» **Exercise description**
Each record that follows goes into your reply unchanged; the pictures do not.
··· Input data ···
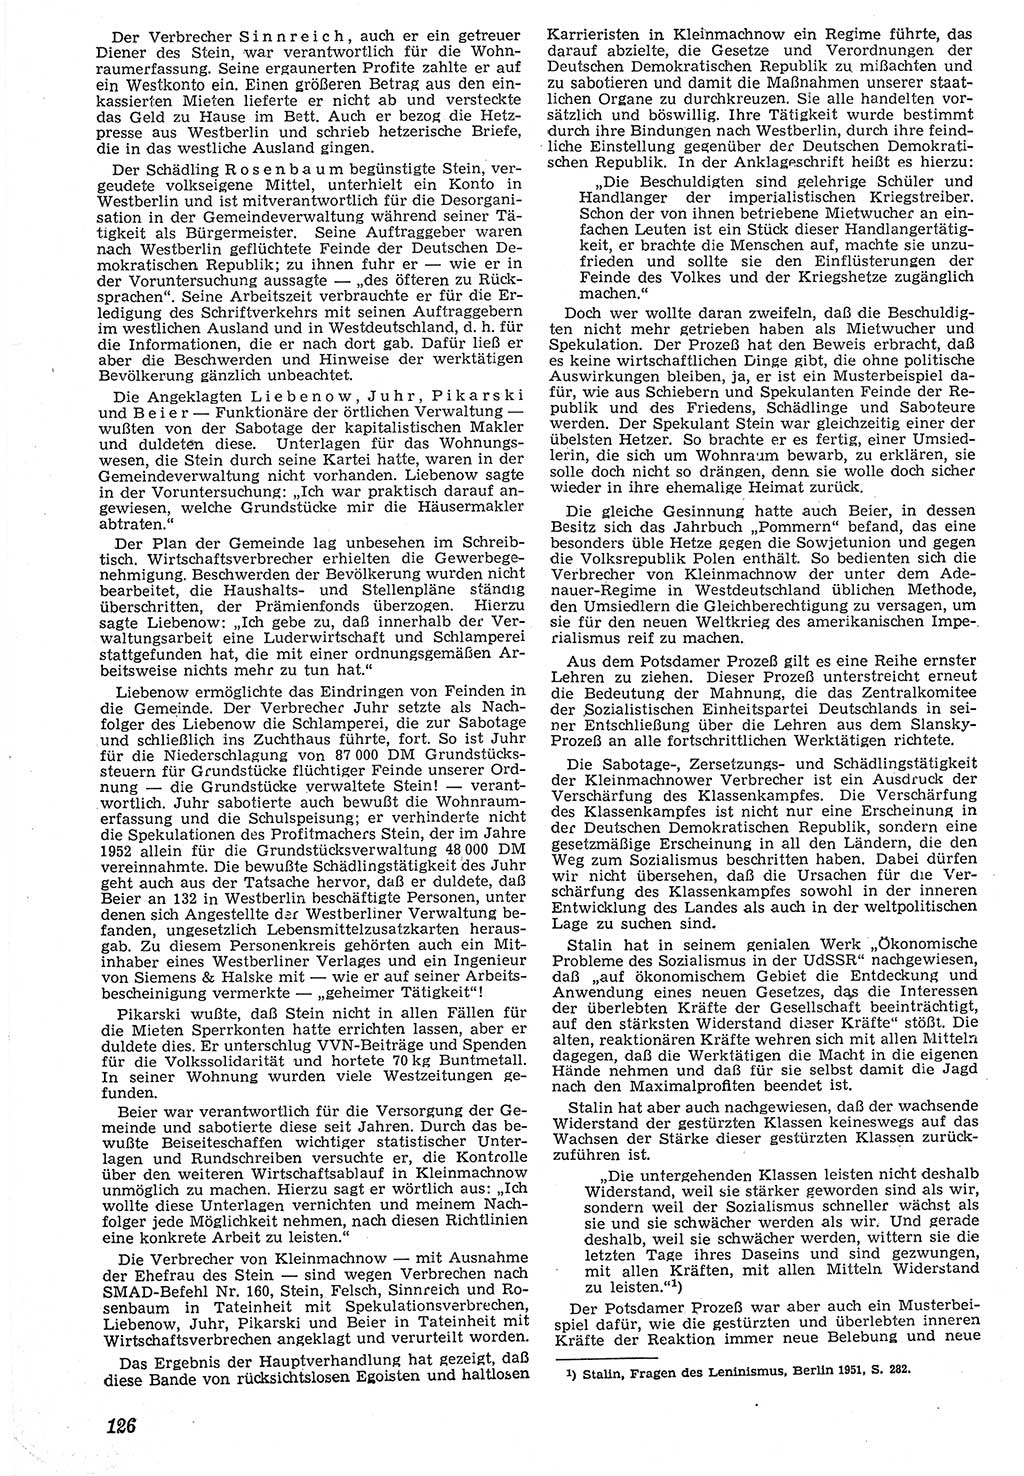 Neue Justiz (NJ), Zeitschrift für Recht und Rechtswissenschaft [Deutsche Demokratische Republik (DDR)], 7. Jahrgang 1953, Seite 126 (NJ DDR 1953, S. 126)
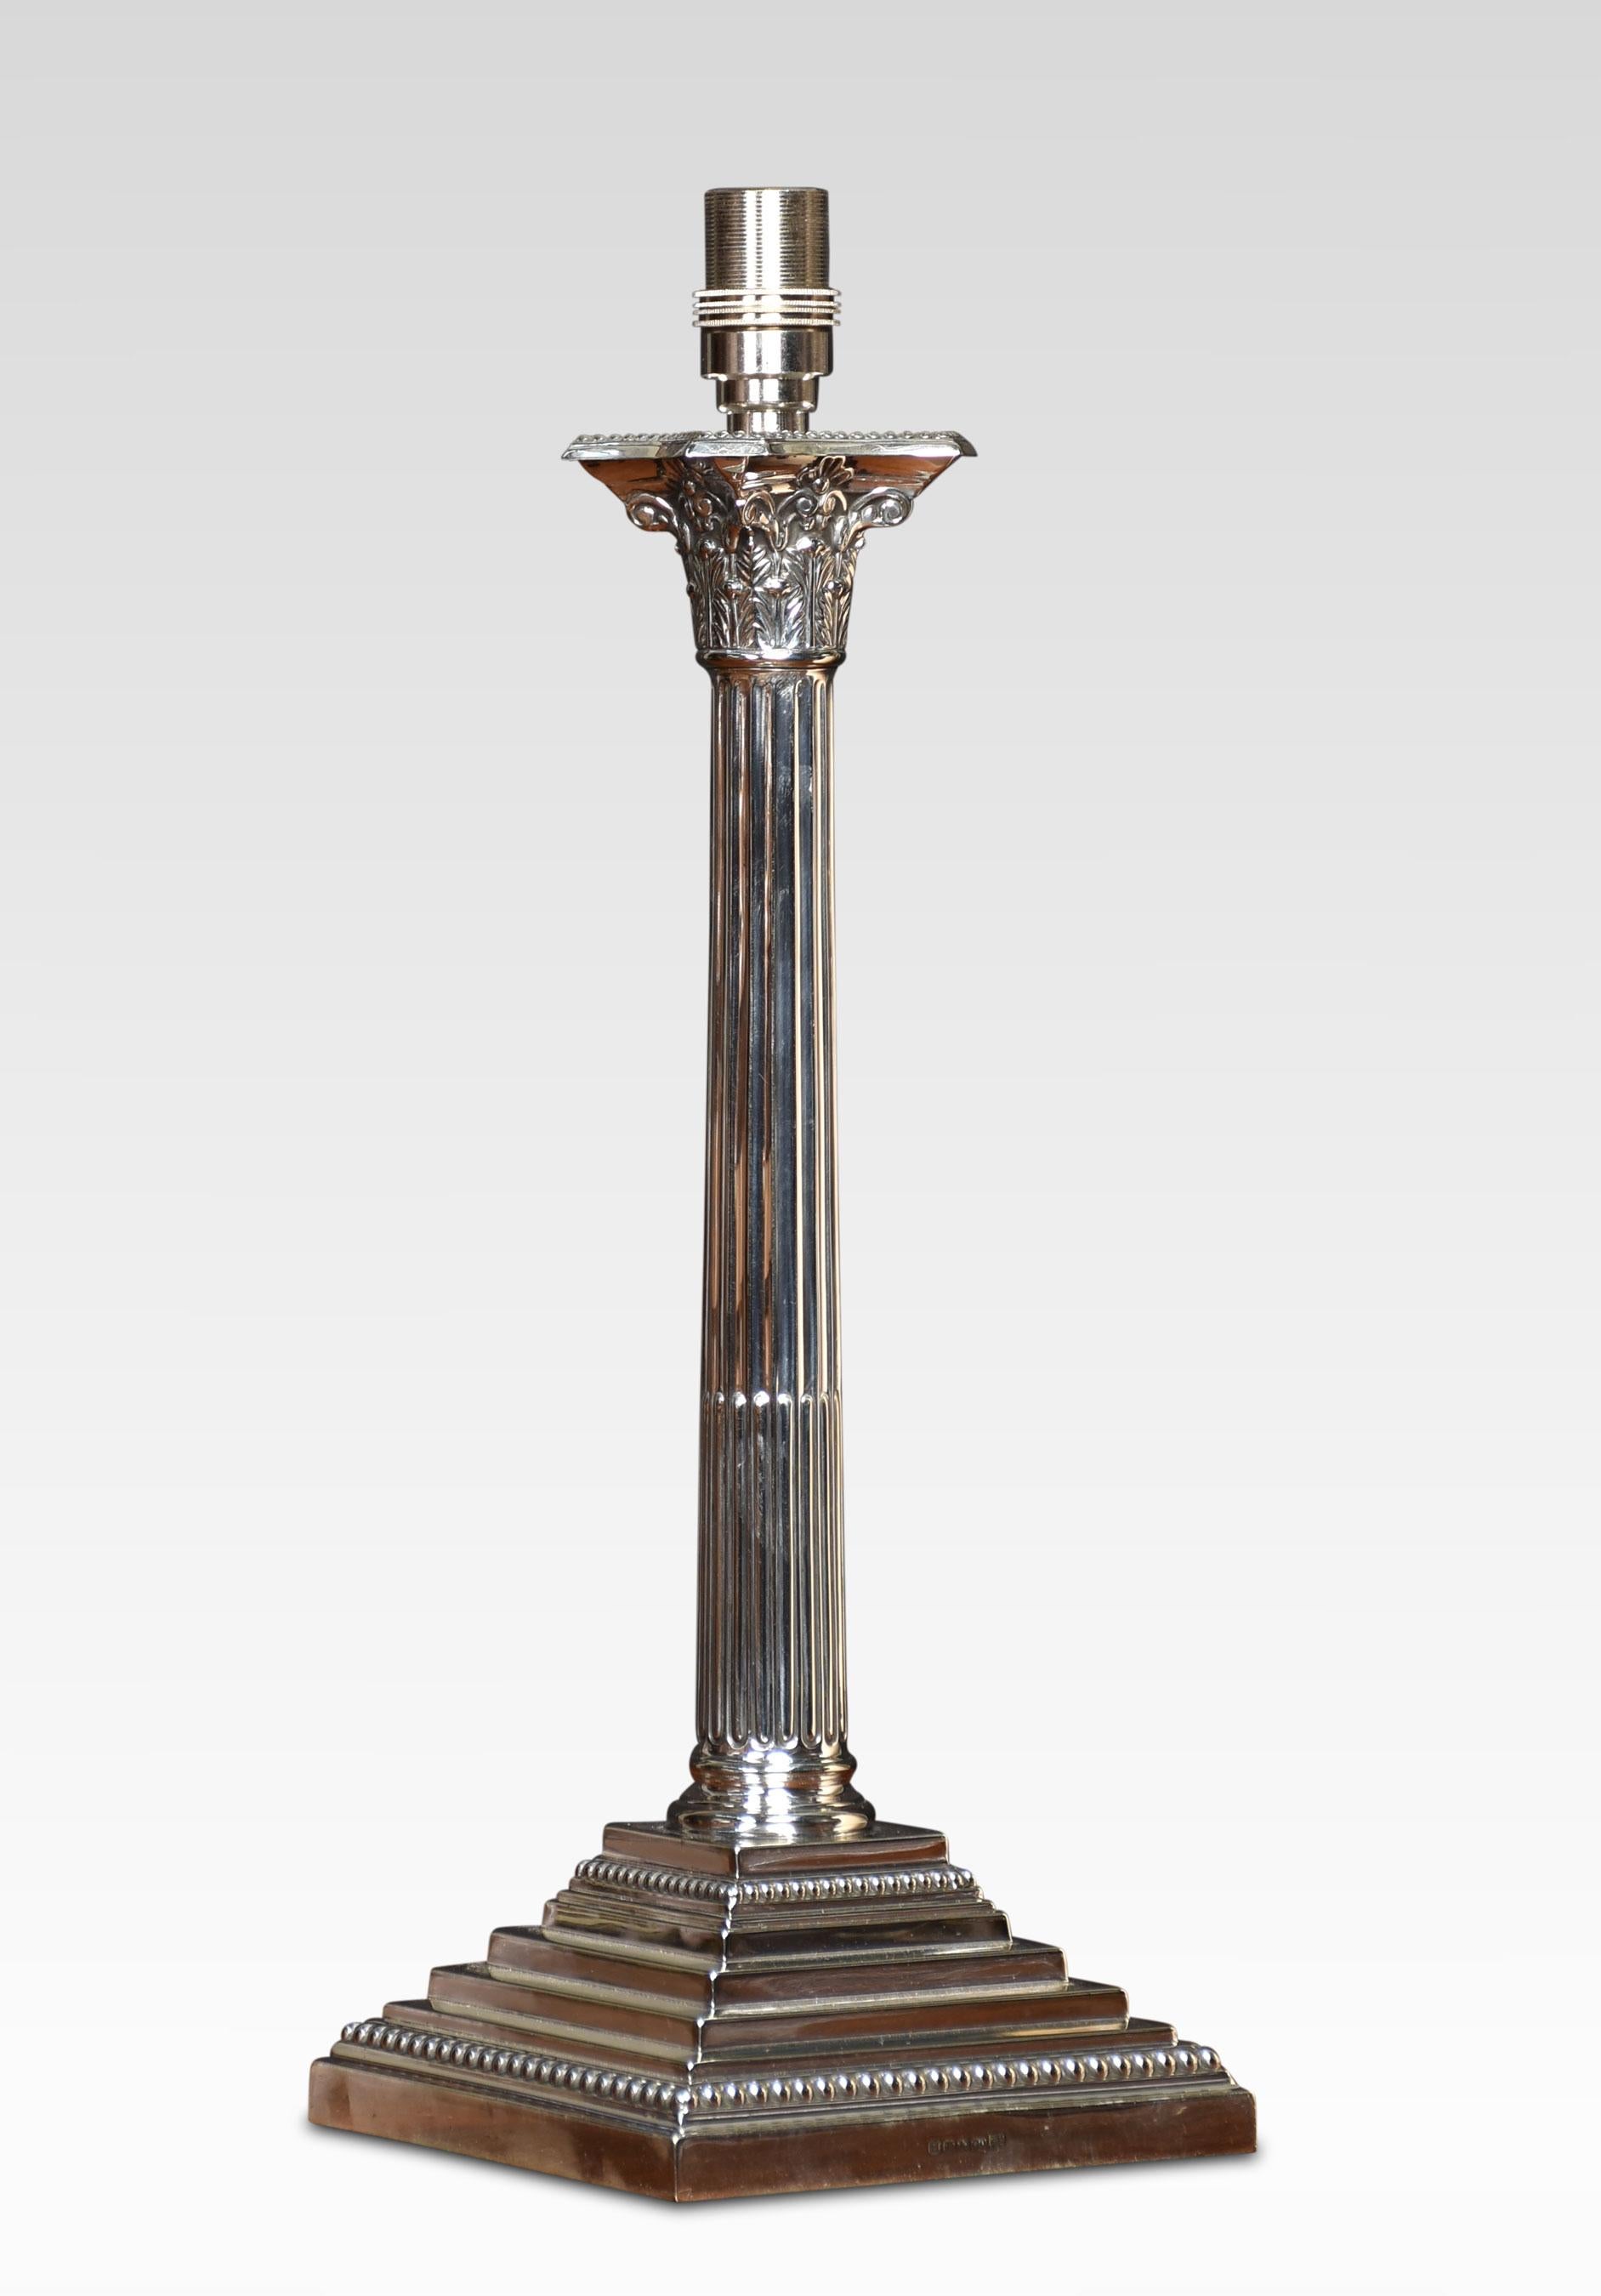 Lampe de table en métal argenté, avec une colonne corinthienne sur une base carrée. La lampe a été recâblée.
Dimensions
Hauteur 16.5 pouces
Largeur 6 pouces
Profondeur 6 pouces.
···
» **Task result**
 Neue Justiz (NJ), Zeitschrift für Recht und Rechtswissenschaft [Deutsche Demokratische Republik (DDR)], 7. Jahrgang 1953, Seite 126 (NJ DDR 1953, S. 126)
 Lampe de table en métal argenté, avec une colonne corinthienne sur une base carrée. La lampe a été recâblée.
Dimensions
Hauteur 16.5 pouces
Largeur 6 pouces
Profondeur 6 pouces.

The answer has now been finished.